Abstract PDF Upgrade to Chat

Authors (4)

Summary

The paper presents a novel hybrid CNN-GNN architecture for node-wise uncertainty quantification in CXR landmark segmentation.
It rigorously validates uncertainty metrics through occlusion, noise, and OOD experiments, achieving ROC AUC up to 0.98.
CheXmask-U offers a public dataset with 657,566 annotated CXR segmentations, enabling refined clinical decision support.

Uncertainty Quantification in Landmark-Based Anatomical Segmentation for Chest X-rays

Introduction

Quantifying uncertainty in anatomical segmentation has become essential for trustworthy deployment of deep learning-based systems in medical imaging, particularly under clinically relevant conditions such as occlusion, corruption, and out-of-distribution (OOD) samples. Unlike dense pixel-based approaches, landmark-based segmentation provides topo-anatomical guarantees, but until now, fine-grained uncertainty estimation at the node (landmark) level has remained largely understudied. This paper presents a systematic framework for node-wise uncertainty estimation within landmark-based segmentation, focusing on chest X-ray (CXR) analysis using a variational hybrid CNN-GNN architecture.

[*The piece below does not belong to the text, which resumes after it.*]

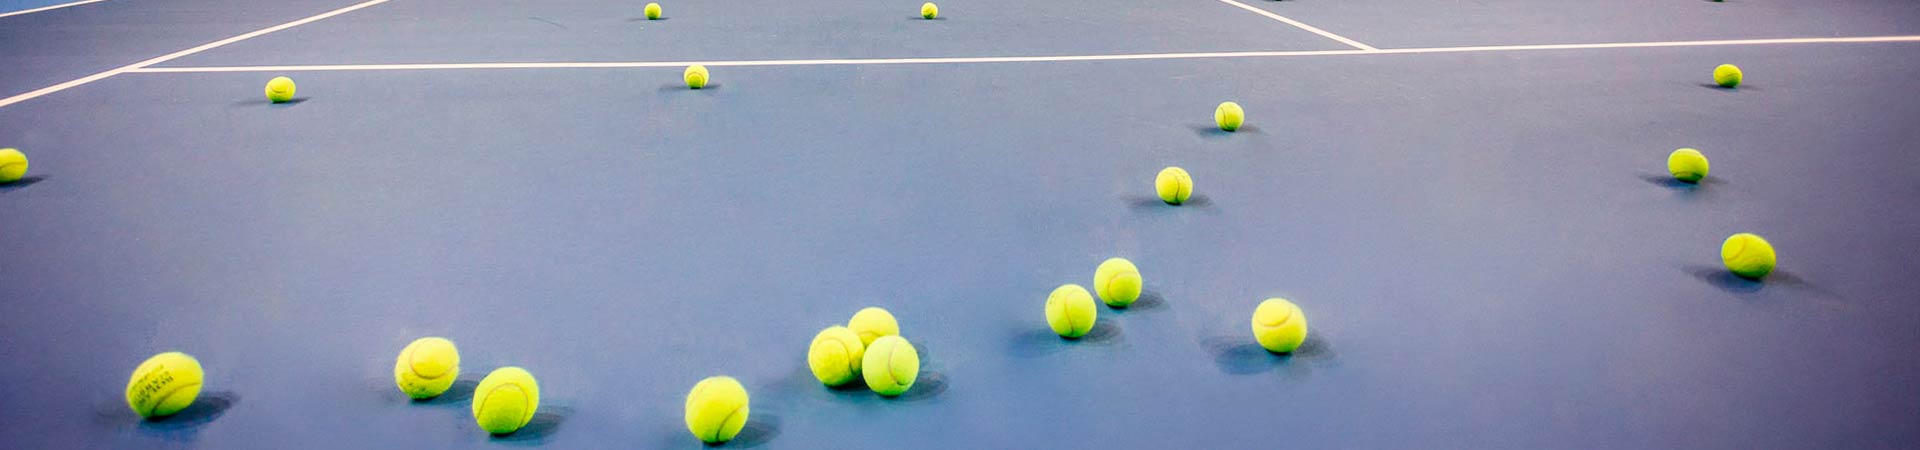 Обучение большому теннису для взрослых в Москве фото

HybridGNet Architecture for Landmark Segmentation

HybridGNet integrates a CNN-based encoder with a GCNN-based decoder, operating in a probabilistic VAE latent space. The primary innovation lies in using this latent space to provide two orthogonal uncertainty metrics: (i) model (epistemic) uncertainty via the learned latent variance, and (ii) predictive uncertainty via variance over Monte Carlo-sampled landmark predictions.

Figure 1: Block diagram of HybridGNet showing the extraction of a latent uncertainty $\sigma^2$ , followed by sampling-based node-wise predictive uncertainty estimation.

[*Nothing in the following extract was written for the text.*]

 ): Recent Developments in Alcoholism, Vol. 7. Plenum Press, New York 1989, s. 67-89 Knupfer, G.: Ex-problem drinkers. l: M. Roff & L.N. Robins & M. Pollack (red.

Landmarks are graph-represented anatomical points with a shared adjacency structure, ensuring anatomical feasibility and facilitating structured predictive modeling. The network supports skip connections from the encoder to the decoder, which were analyzed for their impact on uncertainty interpretability, especially under corruption.

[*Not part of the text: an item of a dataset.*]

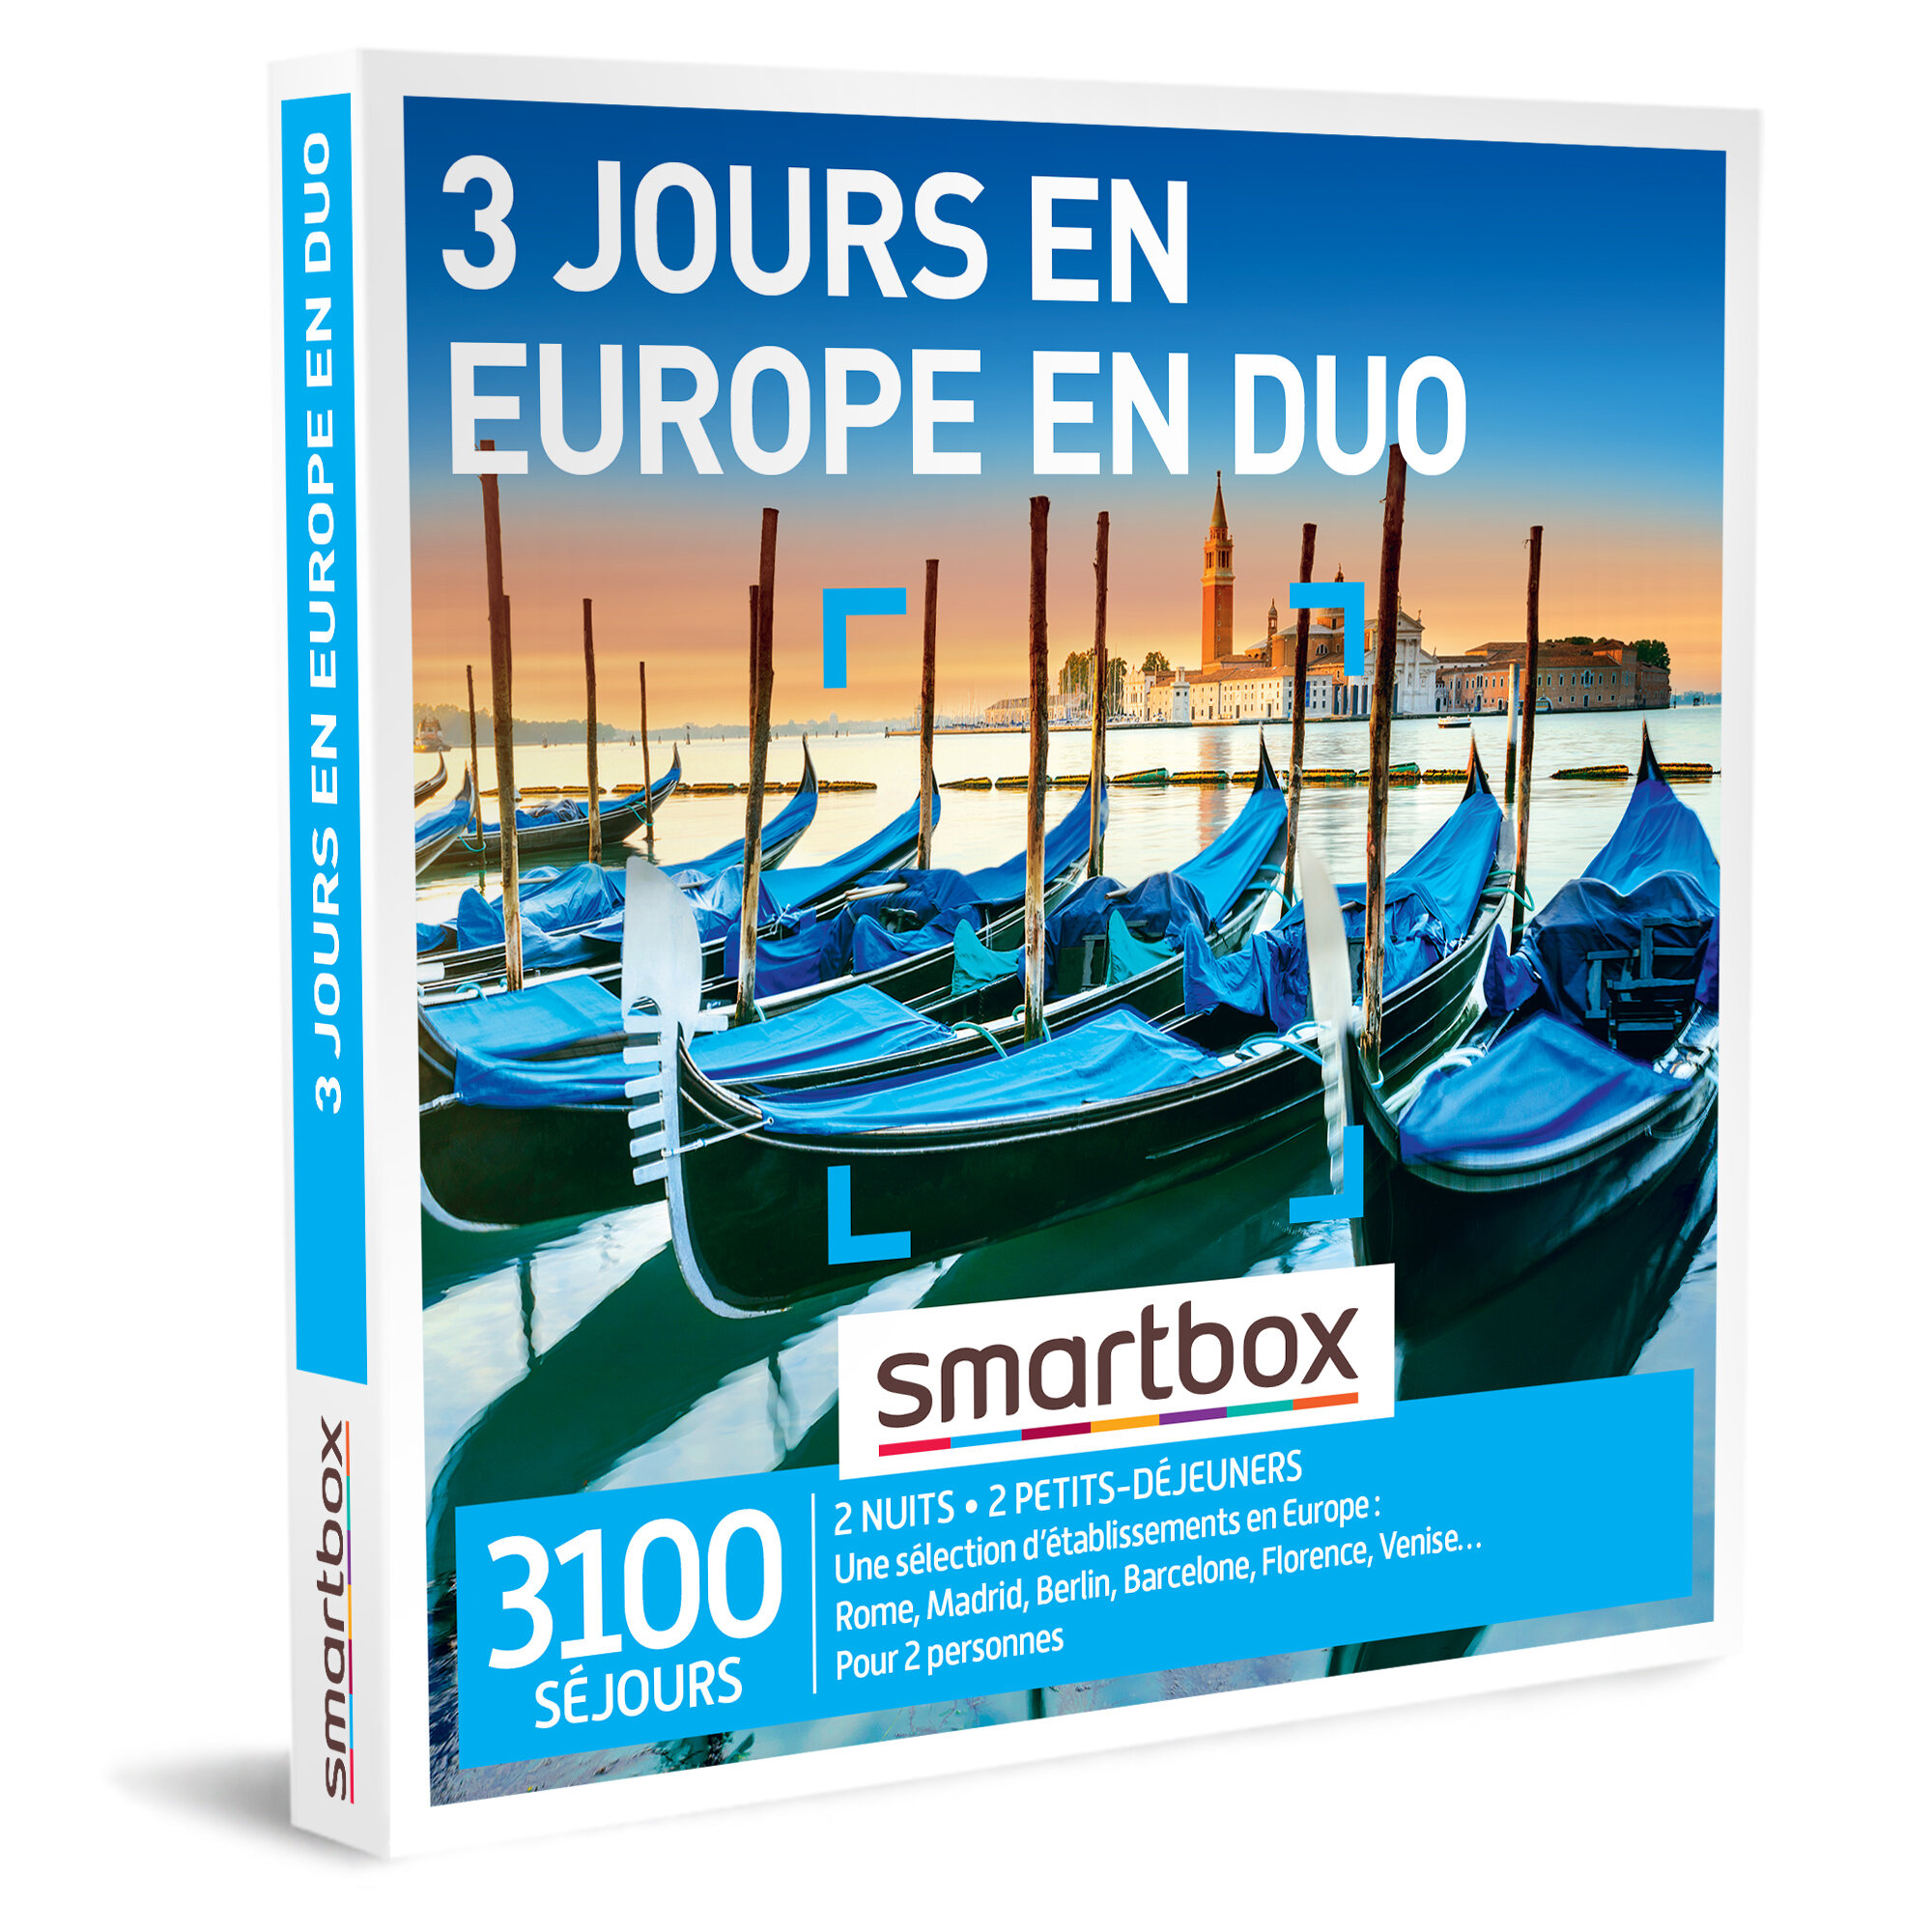 SMARTBOX - Coffret Cadeau - 3 JOURS EN EUROPE EN DUO - 2 nuits avec petits-déjeuners pour 2 personnes

Uncertainty Estimation Methodology

Latent-space uncertainty is quantified as the mean latent variance vector $\sigma^2$ —reflecting epistemic model uncertainty not explained by the training data. Predictive uncertainty is estimated by batch-wise decoding of N latent samples through the GCNN, yielding landmark sets whose per-node sample variance serves as the uncertainty metric.

This node-wise uncertainty is highly informative, spatially resolving model confidence and allowing differential trust in various anatomical regions.

Experimental Validation

Extensive corruption studies investigated the robustness and interpretability of both uncertainty metrics:

Occlusion Experiments: Artificial black-square masks were used to create localized perturbations. Per-node uncertainty systematically increased under occluded regions, confirming strong spatial specificity.
Figure 2: Visualization of uncertainty maps under occlusion, with clear uncertainty elevation in masked zones; boxplots confirm statistical significance.
Noise Corruption: Gaussian noise of increasing magnitude was applied to the images. Both metrics increased monotonically with corruption—except for non-monotonicity in the skip-connection model's predictive uncertainty at severe corruptions, attributed to direct high-resolution feature flow bypassing the variational bottleneck.
Figure 3: (a) Both uncertainty measures rise with Gaussian noise, plateauing at high levels; (b) KDEs for OOD detection with strong ID/OOD separation; (c) Strong anti-correlation between average uncertainty and RCA-estimated Dice, evidencing uncertainty's reliability as a quality surrogate.
OOD Detection: On CheXMask, predictive uncertainty delivered excellent ID/OOD discrimination, with ROC AUC up to 0.98 using skip-connections. Latent-space-based anomaly scores (Isolation Forest) also performed well.
Error Prediction: Cross-image and cross-node correlations between node-wise uncertainty and error (relative to multi-expert annotation) were strong, evidencing the practical predictive value of per-node UQ.
Figure 4: High correlation between predictive uncertainty and node-level annotation errors, confirming practical validity of uncertainty estimates.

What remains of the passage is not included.